Как и заведено в семьях, я могла бы найти утешение, поехав в Эль-Серрито к родителям Ленни. Мы собрались бы в гостиной – я, Эд, Роза, сестры Ленни… Они много раз меня звали, ко мне даже приезжала его сестра Мириам, но нам нечего было сказать друг другу. Конечно, семья отсидела шиву[50] по Ленни и нашему сыну. Приходили знакомые, приносили еду. Если б я там была, Роза обняла бы меня и мы вместе поплакали бы на диванчике. Но я хоть и была членом их семьи, ничего не понимала в их традициях. До этого две своих больших потери – мамы, а потом бабушки – я перенесла в одиночку, без слов сочувствия и объятий. Я знала только одно: смерть нужно держать в тайне, и вообще нужно быть стойким оловянным солдатиком.
Не приехав к родственникам Ленни в те тяжелые для всех дни, я, конечно же, обидела этих милых людей – и Эд с Розой, и Ракель с Мириам.

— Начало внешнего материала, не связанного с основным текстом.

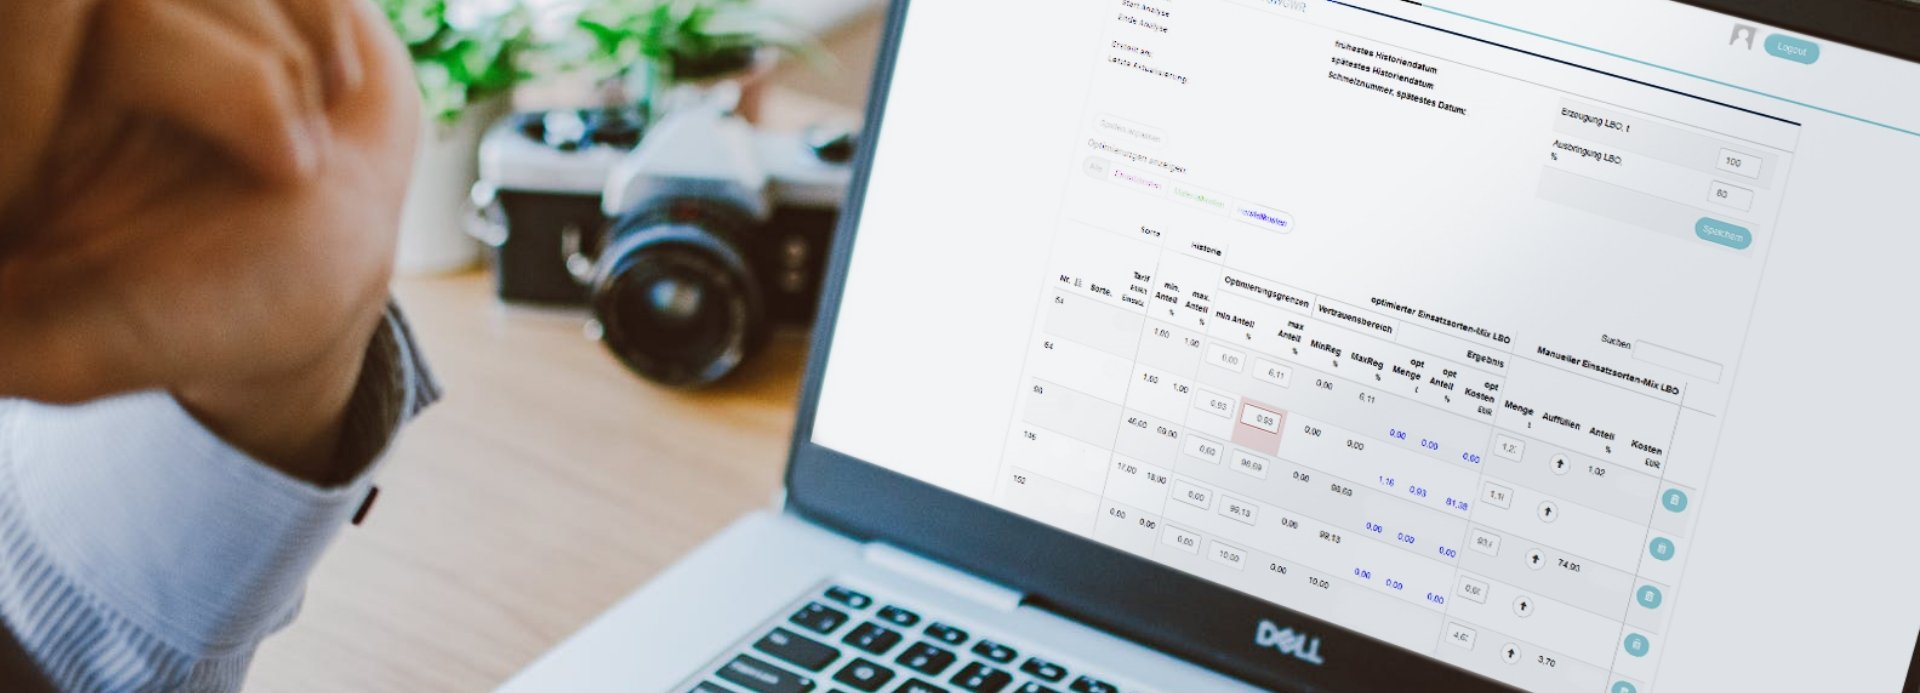 Foto am Laptop für Software Entwicklung

Транспортная система залива еще не оправилась от землетрясения, но дело было даже не в том, как добраться до Эль-Серрито. Перед лицом такой огромной потери разве было важно, если рядом с ними не окажется такой второстепенный персонаж, как я? В тот трагический день земля разверзлась под ногами, проглотив все, что имело для меня значение. Ах, если б я исчезла тоже. Но весь ужас состоял в том, что я осталась.
Весной, через полгода после аварии, я приняла решение. Оно пришло ко мне в нашей крохотной квартирке на Валлехо-стрит, где жить одной стало невмоготу. Как часто бывало и прежде, я любовалась на аратингов, примостившихся на ветке неподалеку. Мне показалось, что один из них смотрит прямо на меня, словно пытаясь что-то сказать. Беги. Улетай отсюда.